Letter of Panel of Experts on South Sudan established pursuant to Security Council resolution 2206 (2015)

Year of Publication
2016
Document Publisher/Creator
Payton Knopf, Andrews Atta-Asamoah, Andrei Kolmakov Ann Oosterlinck, Klem Ryan
Institution/organisation
United Nations
NGO associated?
Summary
In paragraph 12 (e) of its resolution 2290 (2016), the Security Council called upon the Panel of Experts on South Sudan to provide a report on the current security threats facing the Transitional Government of National Unity, and its need to maintain law and order in South Sudan, as well as provide further analysis of the role of transfers of arms and related materiel coming into South Sudan since the formation of the Transitional Government of National Unity (TGNU) with respect to the implementation of the Agreement on the Resolution of the Conflict in the Republic of South Sudan and threats to the United Nations Mission in South Sudan and other United Nations and international humanitarian personnel. Following the outbreak of large-scale fighting in Juba in early July 2016, the flight of the opposition leader, Riek Machar, from Juba and his subsequent arrival in Khartoum in late August, and the de facto collapse of the transitional government envisaged in the Agreement, the dynamics within South Sudan remain complex and fluid.

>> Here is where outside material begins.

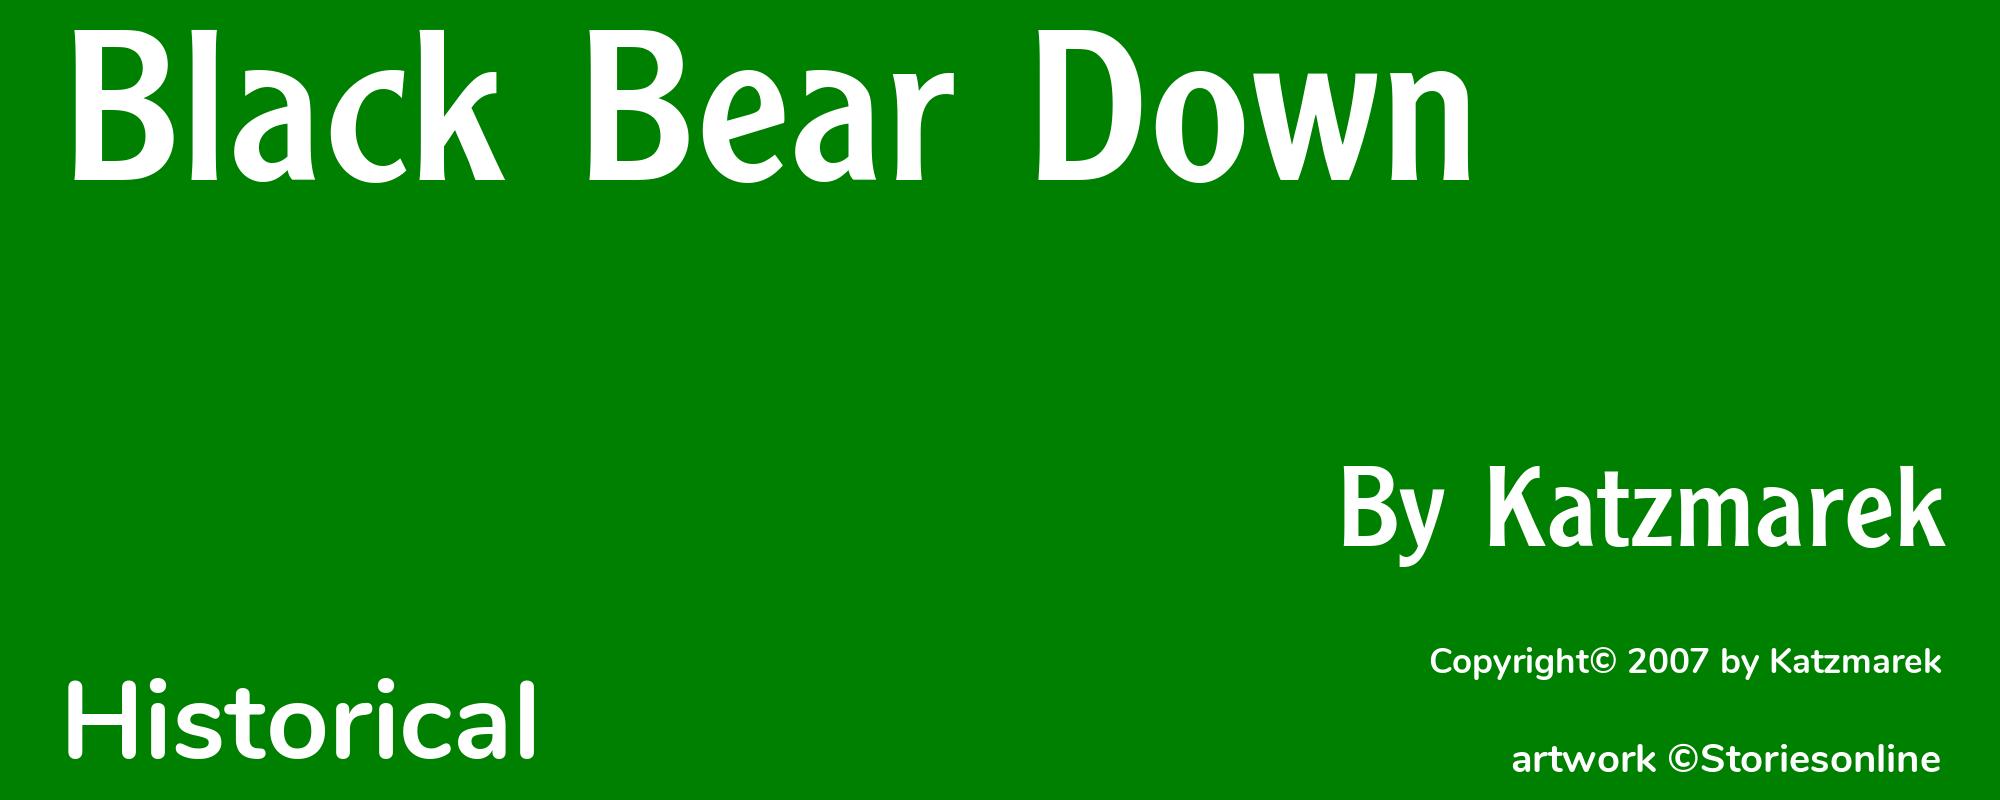 Black Bear Down - Cover

The evidence gathered by the Panel suggests that the most severe security threats to TGNU and to the implementation of the Agreement are not external but internal to South Sudan, and primarily result from the actions and policies of the two major parties to the Agreement: the Sudan People’s Liberation Movement/Sudan People’s Liberation Army (SPLM/A) in Government, led by the President, Salva Kiir, and SPLM/A in Opposition, led by Riek Machar. These threats include the continued belligerence of SPLM/A in Government and SPLM/A in Opposition; the intensification of the tribal undercurrent of the conflict; the collapse of the economy; and the continuing importation of arms and related materiel. In addition, the evidence obtained by the Panel suggests that threats against the United Nations and international humanitarian personnel are increasing in scope, number and degree of brutality, in a context in which senior figures of the Government, including Salva Kiir, are intensifying their rhetoric against and hostility towards the United Nations, regional bodies and the broader international community.